Le respect des promesses de mise en œuvre est conditionné par les caractéristiques du contexte (Shen et al., 2008). En effet, une intervention ne peut pas toujours être

entièrement mise en œuvre dans les conditions de vie réelle; ce faisant, l’intervention doit être flexible et adaptable (Carroll et al., 2007; Morrison et al., 2009). Comme l’indique Valente (2002), de nombreuses interventions ont réussi parce que leur mise en œuvre a permis de les adapter au contexte local. De leur côté, Audrey et al. (Audrey, Holliday, Parry-Langdon, & Campbell, 2006) ont noté le fait qu’il existe une tension entre les nécessités de la standardisation et celles de flexibilité impliquée par l’adaptation de l’intervention aux caractéristiques du contexte. De même, Morrison et al. (2009) ont aussi révélé une tendance à l’exclusion mutuelle entre fidélité et adaptation dans leur expérience d’intervention en prévention du SIDA : selon eux, la fidélité dans la réplique d’une

intervention permet de juger de la possibilité de la généralisation des effets de

l’intervention. Ils notent cependant qu’un manque d’adaptation à un nouveau contexte tend à réduire l’efficacité de l’intervention, ce qui fait de la réplique un test inapproprié et inadéquat de l’intervention (Morrison et al., 2009).

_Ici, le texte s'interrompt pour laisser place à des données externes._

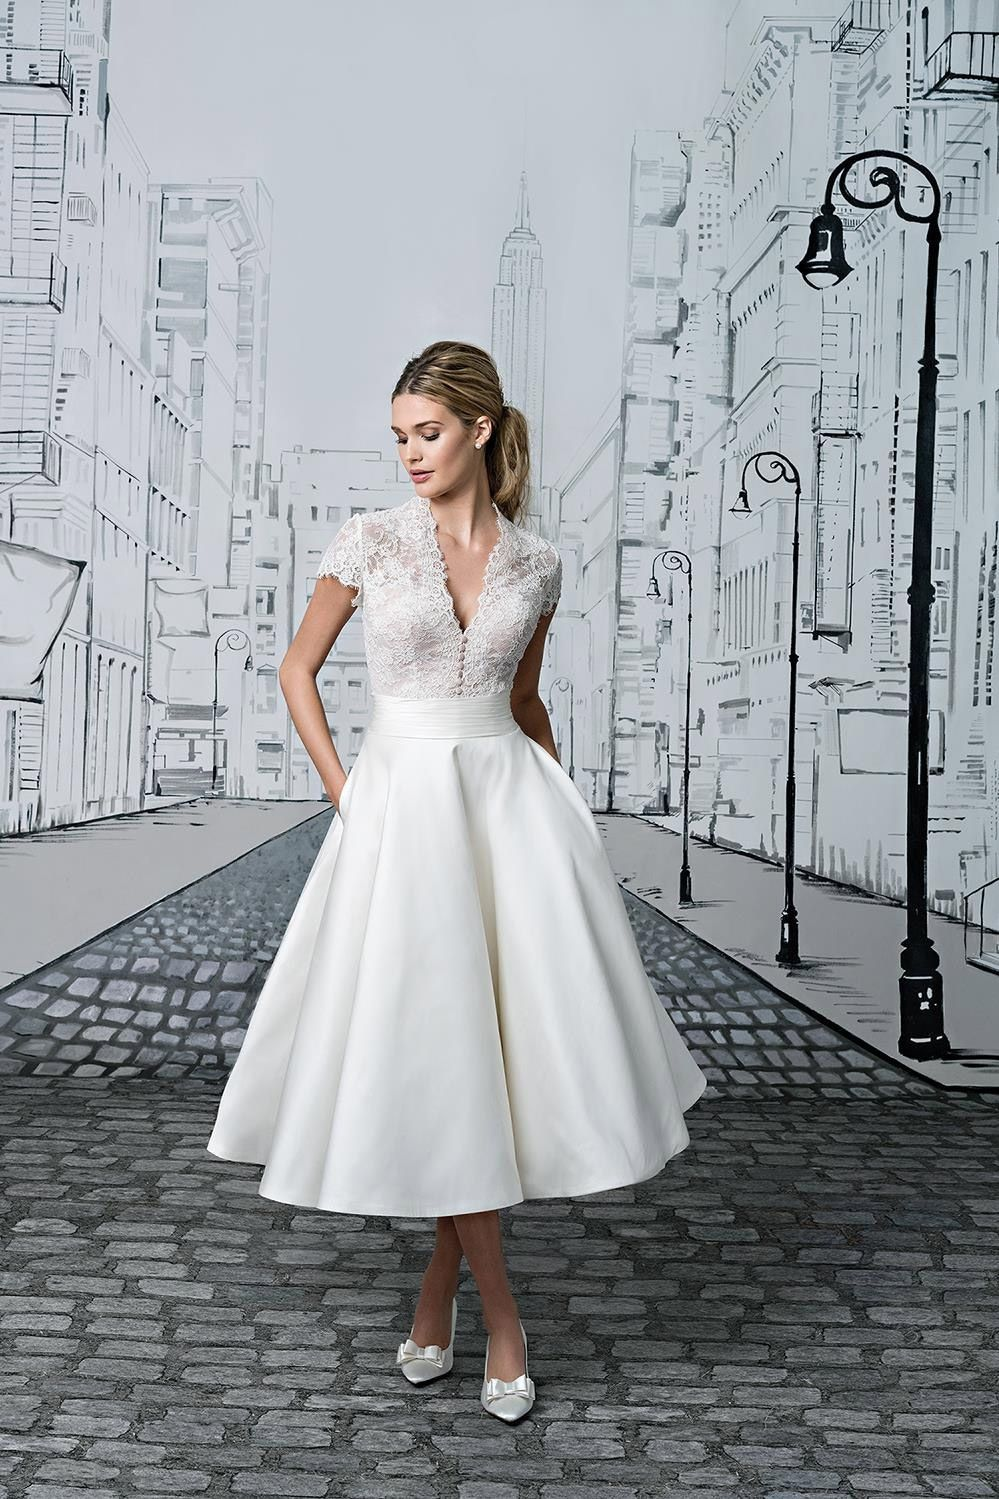 Vintage wedding tea dress   Vintage Wedding Tea Dress  Wedding Dresses for Plus Size Check

Valente (2002) considère que cette situation est une contradiction inhérente à la fidélité.

Certains auteurs (Audrey et al., 2006; Morrison et al., 2009; Shen et al., 2008) estiment que les démarches de réimplantation des programmes doivent en préserver l’identité première. Cela passe par le maintien des composantes essentielles et la

préservation des mécanismes actifs dans le programme (Bauman, Stein, & Ireys, 1991). Bien que ces propositions existent depuis longtemps, d’autres auteurs estiment que l’approche de la fidélité des interventions par l’identification des composantes centrales reste encore pas mal immature (Elliott & Mihalic, 2004). Chen (2005) tout comme Patton (1997) notent que l’argument des adeptes de la tradition de la diffusion est organisé autour de l’idée suivante : le changement dans l’adoption d’un programme est inévitable et sa réinvention est la condition même de l’efficacité des interventions. Selon Chen (2005), leur position et celle des défenseurs de la fidélité peuvent être réconciliées sous sa perspective de la contingence : l’approche consisterait alors à favoriser la réinvention du programme à

l’étape initiale de l’implantation mais à éviter cela une fois que le programme est à l’étape mature. Les différents types d’évaluation du processus qu’il propose permettent de rendre compte de ces développements.

Dans le but de simplifier l’évaluation de programmes particulièrement complexes, Pawson (2006) propose l’identification préalable des composantes principales qui doivent être examinées. Une telle démarche simplifierait aussi l’analyse de la fidélité des

interventions dans la mesure où elle se rapproche de la proposition des auteurs qui

proposent l’identification des composantes centrales pour la mise en œuvre. Il est important de noter que les différents jugements de fidélité se sont souvent intéressés aux écarts en termes d’insuffisance ; cela est lié au fait que des référents sont identifiés et dans certains cas mesurés, la fidélité se rapportera le plus souvent donc à l’atteinte ou non du niveau du référent. De plus, il arrive que l’évaluation de la fidélité de la mise en œuvre porte sur un élément du référent plutôt que sur l’ensemble de ses composantes. Chez Conrad et Miller (1987), l’approche d’analyse de la qualité de la mise en œuvre est intéressante dans la mesure où elle envisage la qualité en prenant en compte autant les éléments structuraux, processuels, émotionnels que moraux. L’atteinte de l’objectif d’une intervention ne justifie pas que tous les moyens soient mis en œuvre, mais seulement ceux qui respectent la philosophie du programme.